The world is a much different place than it was when I was a kid. It’s odd, there’s so much more available, yet much less at the same time. I’m always in search of balance.
She’s such a unique little person who deserves to thrive and I love watching her blossom. Have you ever stopped to look at the world through the lens of a child? The wonder, excitement and curiosity they have is infectious.
I spend a lot of time saying, “be careful,” when I need to do more of, “go for it!” It’s time to explore and be curious about life again. Instead of sitting on the sidelines retiring from adventure, I choose to embrace it. How about you? C’mon moms, young, old and in-between. Are you with me?
This perspective is from my personal experience. If you are an older mom, your experience may differ from mine. While there are more risks and considerations for pregnancy in older women, I certainly would not recommend having a child earlier to avoid these risks. Work with your doctor to ensure that you and baby are both healthy, no matter your age.
Did you become a mom at an older age? Please share your experience in the comments below.
4 thoughts on “Pregnant at 40 Naturally”
I had my daughter when I was 36 years old. Although I might not have been mature enough or financially settled enough to start a family earlier, I wish I would have. The risks definitely go up with age, and all of my subsequent pregnancies ended in miscarriage. It’s wonderful being a mom.
Oh, my goodness. I am so sorry for your losses. I can’t imagine how heartbreaking and disappointing that was for you and your family. In regards to having more kids, yes, I can definitely agree that starting younger would be an advantage. I have just the one and never even considered trying for another. But, if I did have her even 10 years earlier, a second child would have been nice.

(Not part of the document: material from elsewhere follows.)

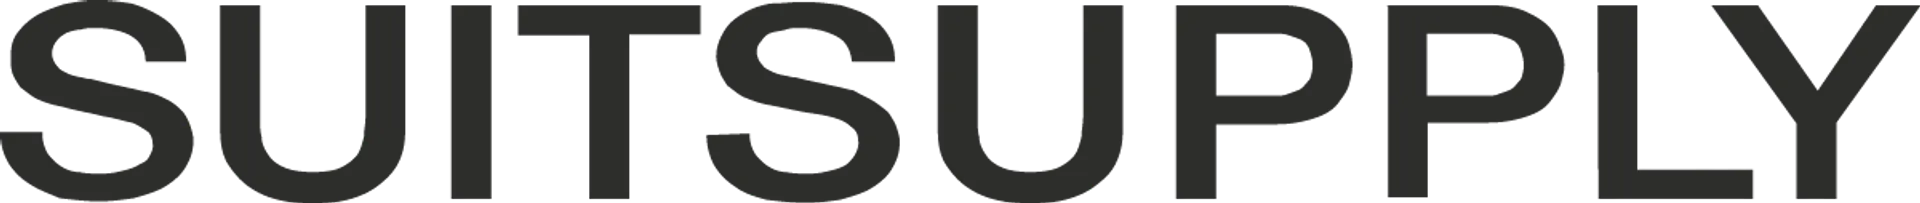 SUITSUPPLY logo in de folder van deze week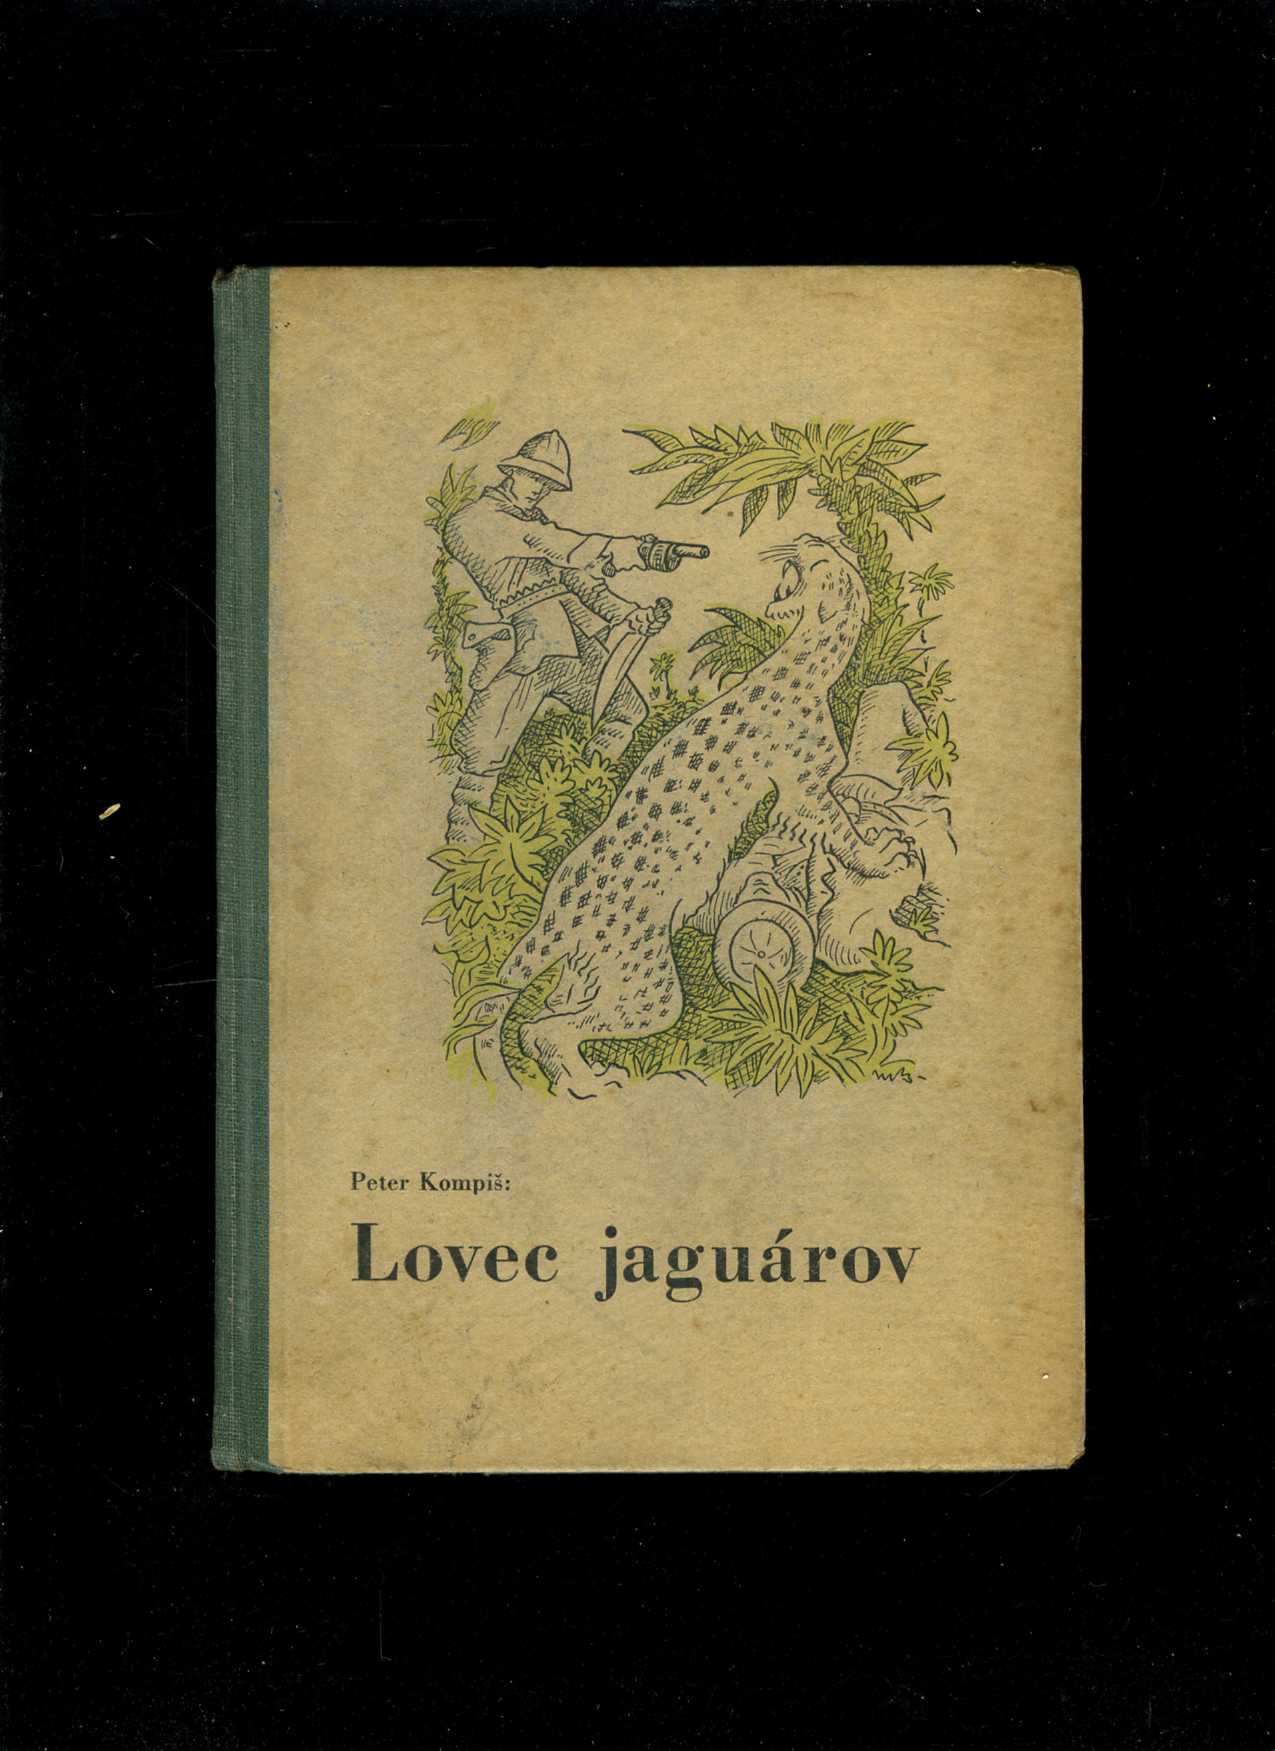 Lovec jaguárov (Peter Kompiš)

I think that you make any necessary adjustments required when a baby comes, whether or not you’re ready with money/ maturity. It’s all about learning as you grow together. I also enjoy being a mom. It’s so much more than I imagined it would or could be. I that, I think we can both agree.
I appreciate you sharing your experience with me. I’m sure it wasn’t easy to do.
Yes, I love being a mom. You’re right that we evolve as our circumstances change. With new roles and responsibilities, we adjust and grow.
Thank goodness for growth and the opportunity to adapt. It isn’t always comfortable, but I’m happy that we have the ability to do it.